I wrote another much longer post but I scrapped it because it was lots of the same things that other bloggers had been saying and basically they were doing much better. But I do have stuff to say ... darnit!
I've never run the Boston Marathon. Not quite fast enough, yet. But the qualifying time has been on my goal list for years. 3:45 (in case your curious).
Needless to say I was struck silent Monday by this tragedy. There are bad, bad people in the world. I've known that since I was a kid. And it's still true today.
Like everybody I tried to make sense of it in my head. But then of course I realized it doesn't make any sense - it never will.
Luckily only one person I knew who was there was hurt (a relative of a friend actually) and she will be fine. She is pretty seriously injured but she will recover.

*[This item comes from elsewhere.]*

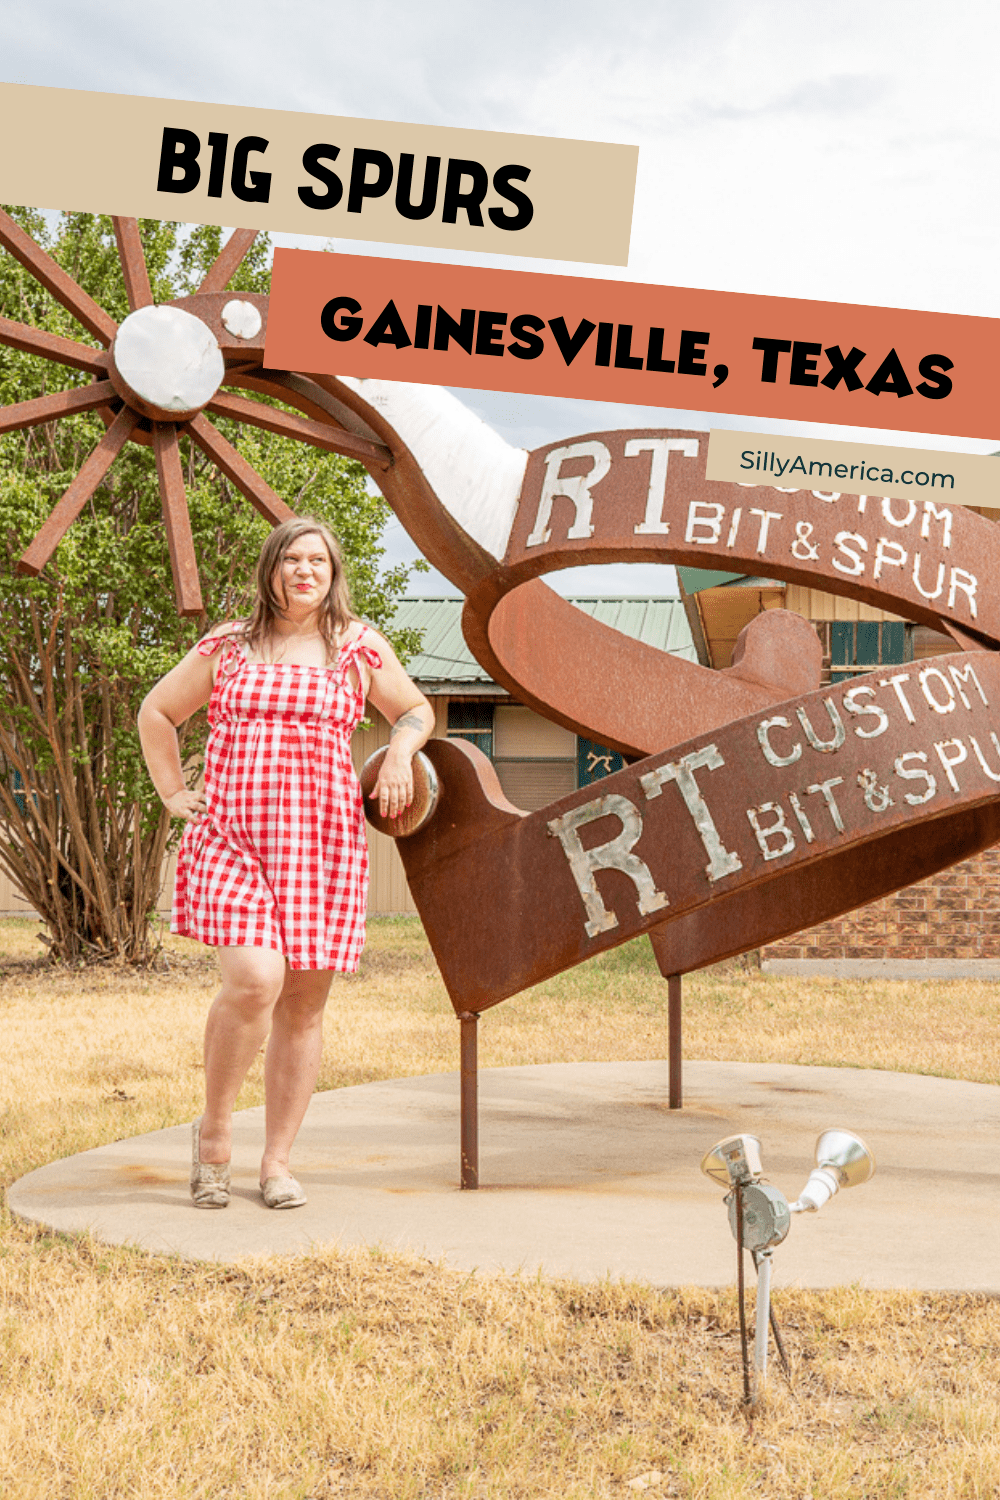 Take a SPUR of the moment day trip from Dallas and stop at this Texas roadside attraction: the Big Spurs in Gainesville, Texas. Located in a front yard, the big spurs advertise the business RT Custom Bit & Spur — and they actually spin! #Texas #TexasRoadTrip #RoadTripStop #RoadsideAttraction #RoadsideAttractions #TexasRoadsideAttraction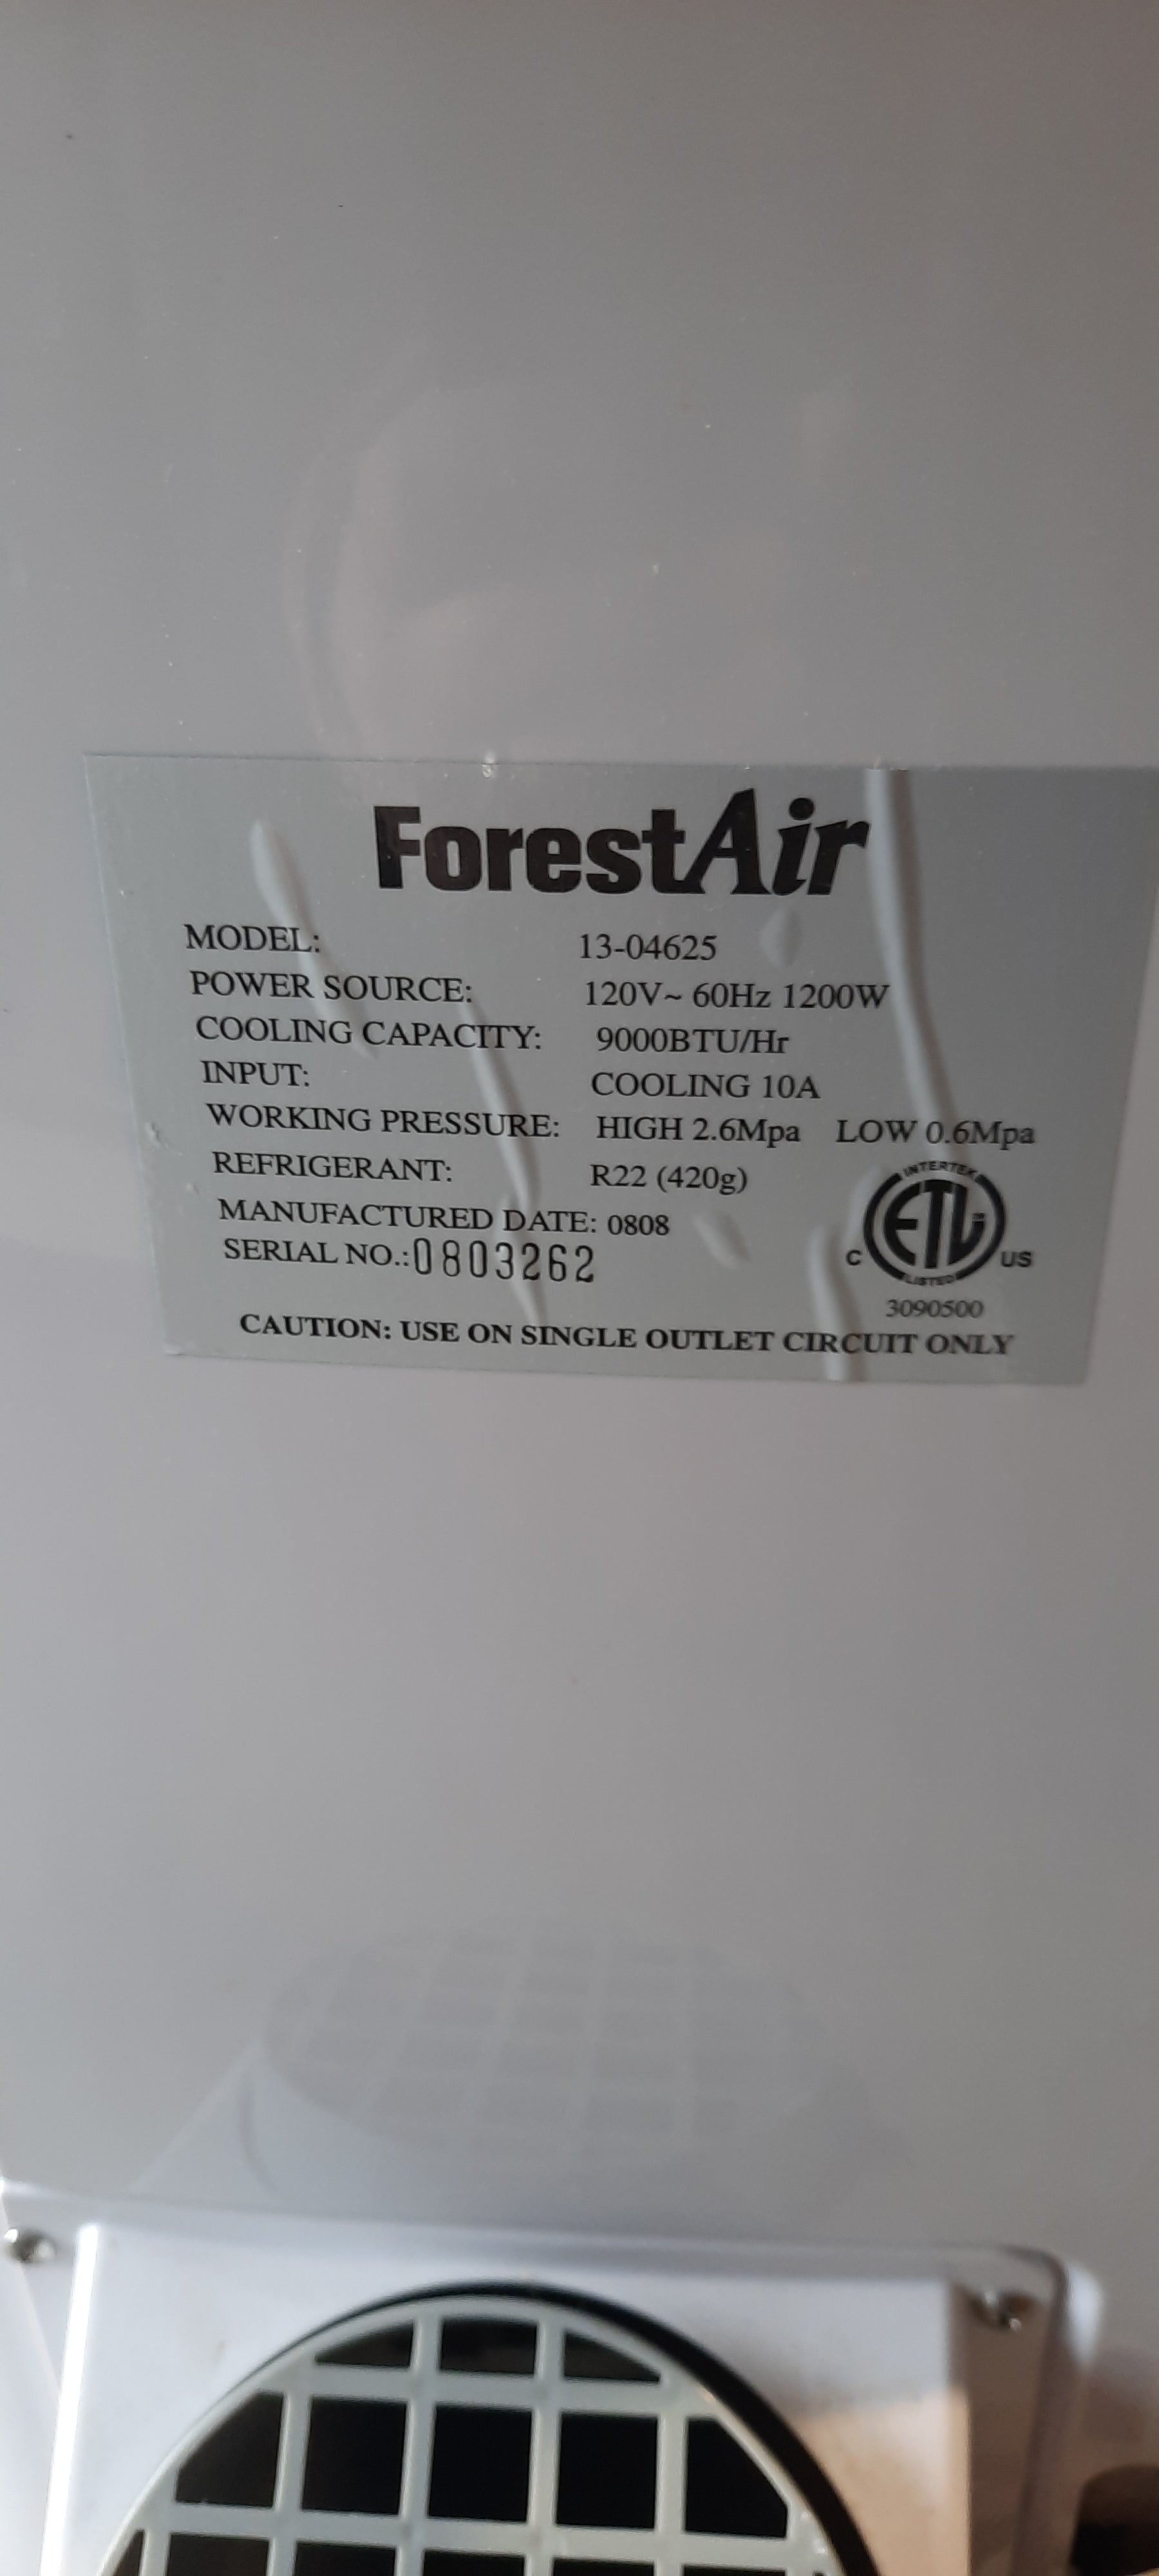 Air Conditioner & Humidifier

I mourned by drinking a Sam Adams (Boston Lager) with dinner, changing my Facebook profile picture to a memorial ribbon, and then the next day I wore a race shirt and went shoe shopping. Flip flops not even running shoes (I am a girl after all retail therapy is important). And of course, I was glued to the news that first day. After that I have been trying not to really watch it because it's too upsetting.
I am either blessed with a can do attitude or I am a moron because the fact that things like this (epic, unpredictable, tragic, disasters) happen doesn't usually make me think I should modify my life. In my opinion, crazy people are going to do crazy things. While I don't want to be a stupid-head. My thought is that since I can't guess what these disasters are going to be or where they will happen or anything about them really what good is me changing my life going to do except make me unhappy?
My husband actually did suggest over dinner that perhaps avoiding large races would be smart and I shared with him my opinion from above and he actually agreed. We'll see if he wants to hang out at any finish lines in the future. It goes without saying that I think my mother-in-law has retired from spectating for me and that's okay because everybody has to make their own decisions.
So, I'll continue to run and hope for my BQ to come soon so that I can toe the line in beantown myself.
Anywhoo - I hope they catch the looney SOB or SOBs who did this and I have my own thoughts of what should happen to them. But I'll keep them to myself because they are very mean spirited and not nice at all.